Governor of Guárico
- In office December 2012 – October 2017
- Preceded by: Luis Gallardo
- Succeeded by: José Manuel Vásquez

Minister of Interior and Justice
- In office January 2002 – May 2002
- Preceded by: Luis Miquilena
- Succeeded by: Diosdado Cabello

Minister of Interior and Justice
- In office January 2008 – September 2008
- Preceded by: Pedro Carreño
- Succeeded by: Tarek El Aissami

Personal details
- Born: November 9, 1951 (age 74)
- Party: PSUV

= Ramón Rodríguez Chacín =

Venezuelan politician (born 1951)

Ramón Rodríguez Chacín (born 9 November 1951) is a Venezuelan politician. A retired naval officer, he was Minister of the Interior and Justice in 2002, and again in 2008. He took part in the November 1992 coup attempt.

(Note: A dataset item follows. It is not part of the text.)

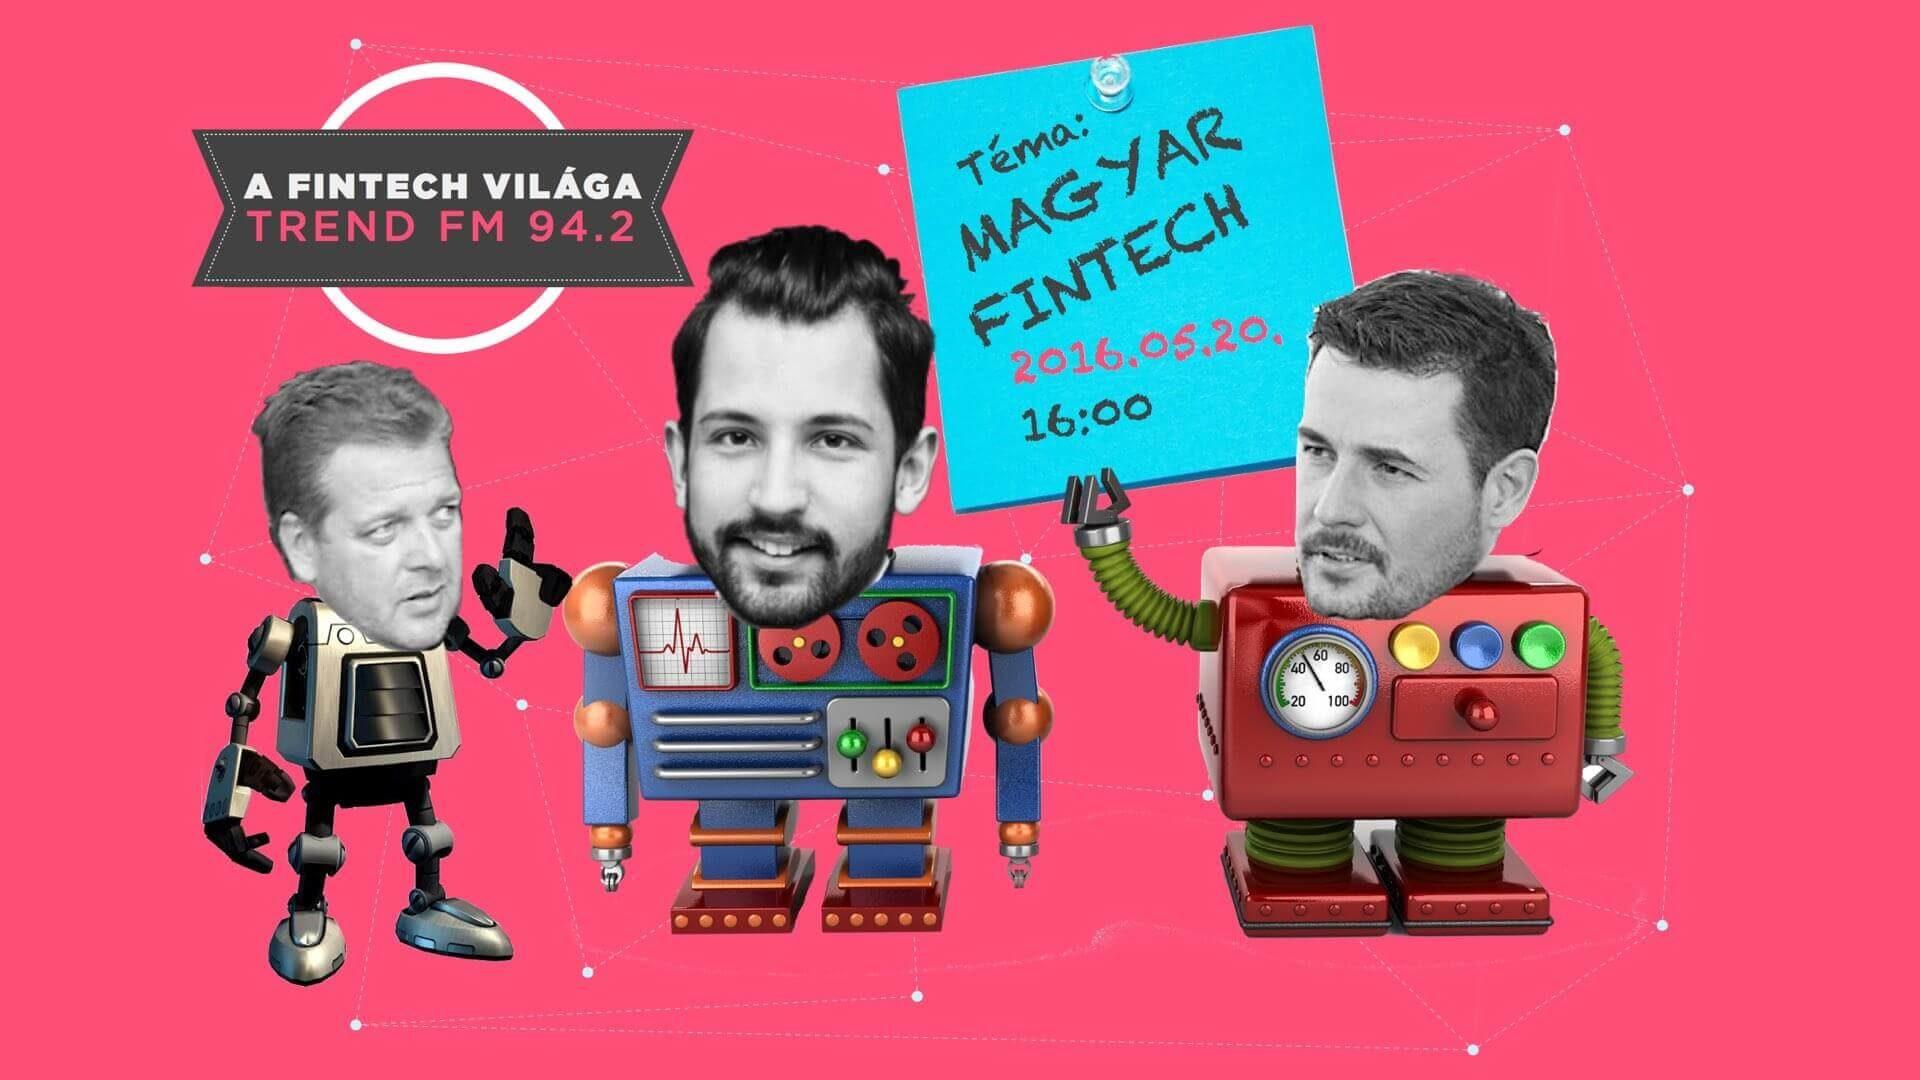 Magyarország első robovisor FinTech cége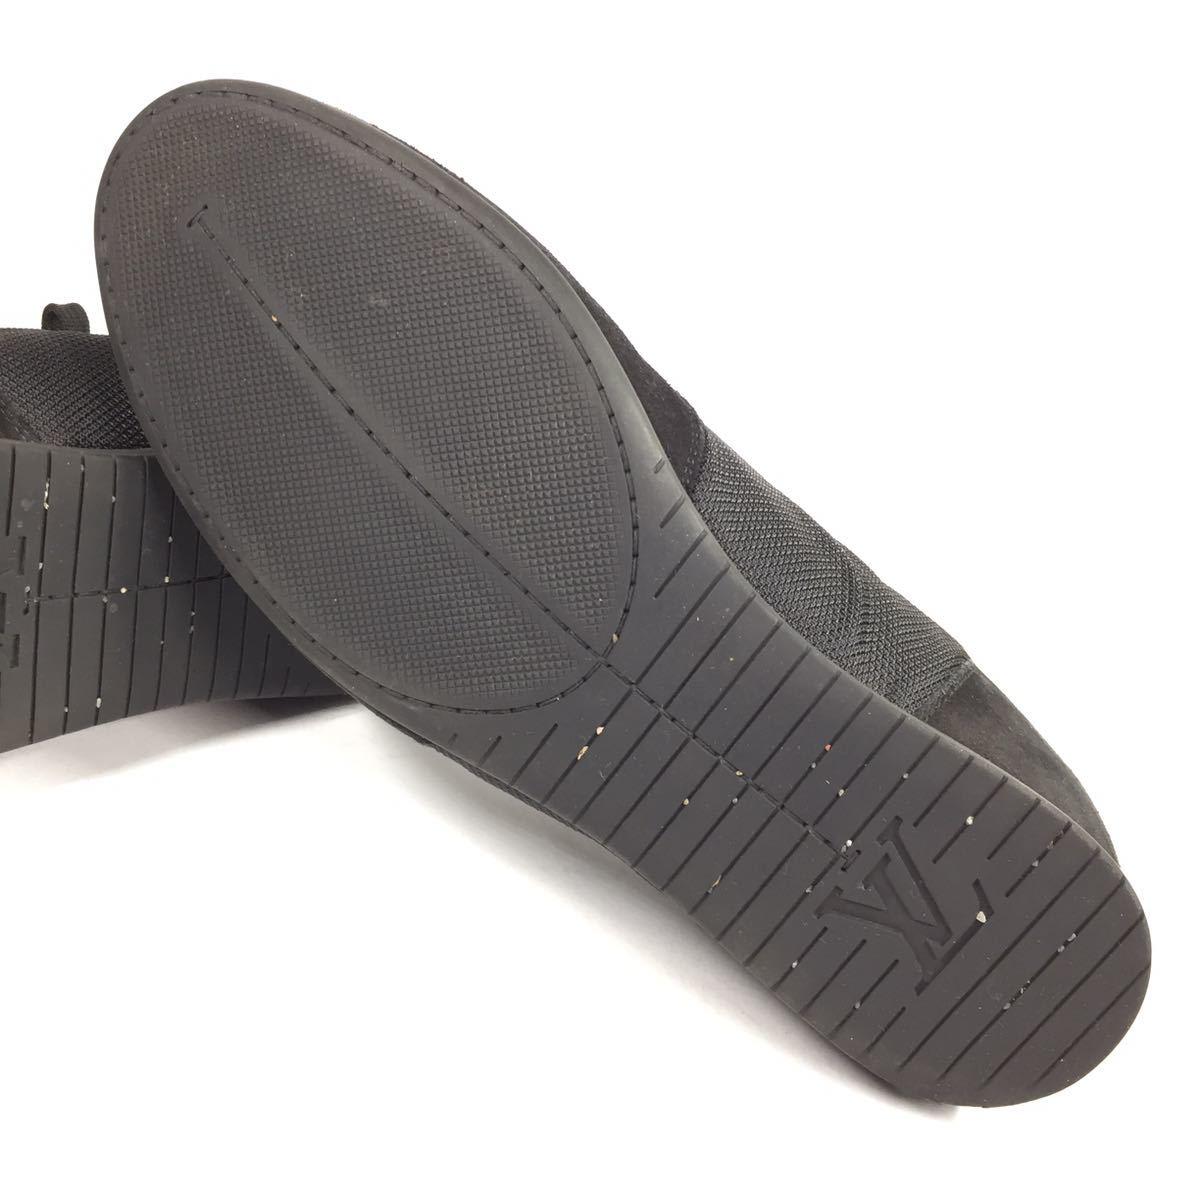 【ルイヴィトン】本物 LOUIS VUITTON 靴 26cm 黒色系 LVロゴ スニーカー カジュアルシューズ スエード 男性用 メンズ イタリア製 7_画像5

He is charged in the United States for drug trafficking along with Venezuelan president Nicolás Maduro and other Venezuelan officials.

==Early years==
Rodríguez Chacín specialized in counter-insurgency and counter-intelligence tactics while serving in the military of Venezuela. He graduated from the Venezuelan Naval School in 1970.

Rodríguez Chacín was one of the founders of the Comando Específico José Antonio Páez (Cejap), an elite group of police and military forces intended to fight Revolutionary Armed Forces of Colombia (FARC) and National Liberation Army (Colombia) (ELN) guerrillas.

==1992 coup d'état attempts==
On November 27, 1992, Rodriguez Chacín was involved in the November 1992 attempted coup d'état (not to be confused with Hugo Chávez' February 1992 attempted coup). Rodríguez Chacín was jailed and served two years on charges of treason and rebellion.

==Hugo Chávez government==
With the election of Hugo Chávez as president of Venezuela in 1999, Rodríguez Chacín worked as his intelligence chief.

Rodriguez Chacín was Minister of the Interior in 2002 (from January), being replaced in May 2002 by Diosdado Cabello.

In 2007 Rodríguez Chacín played a key role in organizing Operation Emmanuel, designed to fly into Colombia and receive three Colombian hostages held by the FARC in the jungles as part of a plan to push the Colombian government for a humanitarian exchange of hostages for prisoners.

According to the Los Angeles Times, the videotaped coverage of the hostage release showed minister Rodriguez Chacín telling FARC rebels "We are with you... Be strong. We are following your cause."

In January 2008 another liberation of four Colombian hostages by the FARC was managed by Rodríguez Chacín.

Rodriguez Chacín was appointed Minister of the Interior for a second time in January 2008, replacing Pedro Carreño.

Rodriguez Chacín, the Minister of Interior and Justice, stepped down on September 8, 2008: "For strictly personal grounds, I have decided to leave my job. President Hugo Chávez, our Commander-in-Chief has decided that the new interim Minister will be my colleague and comrade, Tarek El Aissami" (who is now deputy minister of citizen security).

==Allegations of links to FARC==
The German magazine Der Spiegel reported in 2008 that Rodriguez Chacín was a frequent guest at FARC camps in Colombia and that Hugo Chávez had assigned him the task of managing communications with FARC. In September 2008, The U.S. Department of the Treasury accused Rodriguez Chacín of materially assisting FARC's narcotics trafficking activities; the Venezuelan government said he was not guilty of those charges.

US intelligence officials claimed that in an email between Rodriguez Chacín and the FARC leadership that he asked to train Venezuela's military in guerrilla tactics as preparation in case the United States invades. They also claimed that regarding an alleged 250 million dollar Venezuelan loan to buy weapons, Rodriguez Chacín wrote: "don't think of it as a loan, think of it as solidarity". The source for these documents was allegedly a 2008 cross-border raid by Colombian military into Ecuador which destroyed a FARC camp. Venezuelan Ambassador to the United States Bernardo Álvarez Herrera stated, "We don't recognized [sic] the validity of any of these documents... They are false, and an attempt to discredit the Venezuelan government."

In 2008, the U.S. Office of Foreign Assets Control (OFAC) sanctioned three current or former Venezuelan government officials, including Rodríguez, saying there was evidence they had materially helped the Revolutionary Armed Forces of Colombia (FARC) in the illegal drug trade. The order "freezes any assets the designated entities and individuals may have under U.S. jurisdiction and prohibits U.S. persons from conducting financial or commercial transactions involving those assets".

== Drug trafficking charges in the United States ==

After the 2026 United States strikes in Venezuela and capture of Nicolás Maduro by the United States. An superseding indictment charged Nicolás Maduro, hCilia Flores, Nicolás Maduro Guerra, Niño Guerrero and Rodríguez Chacín of alleged drug trafficking.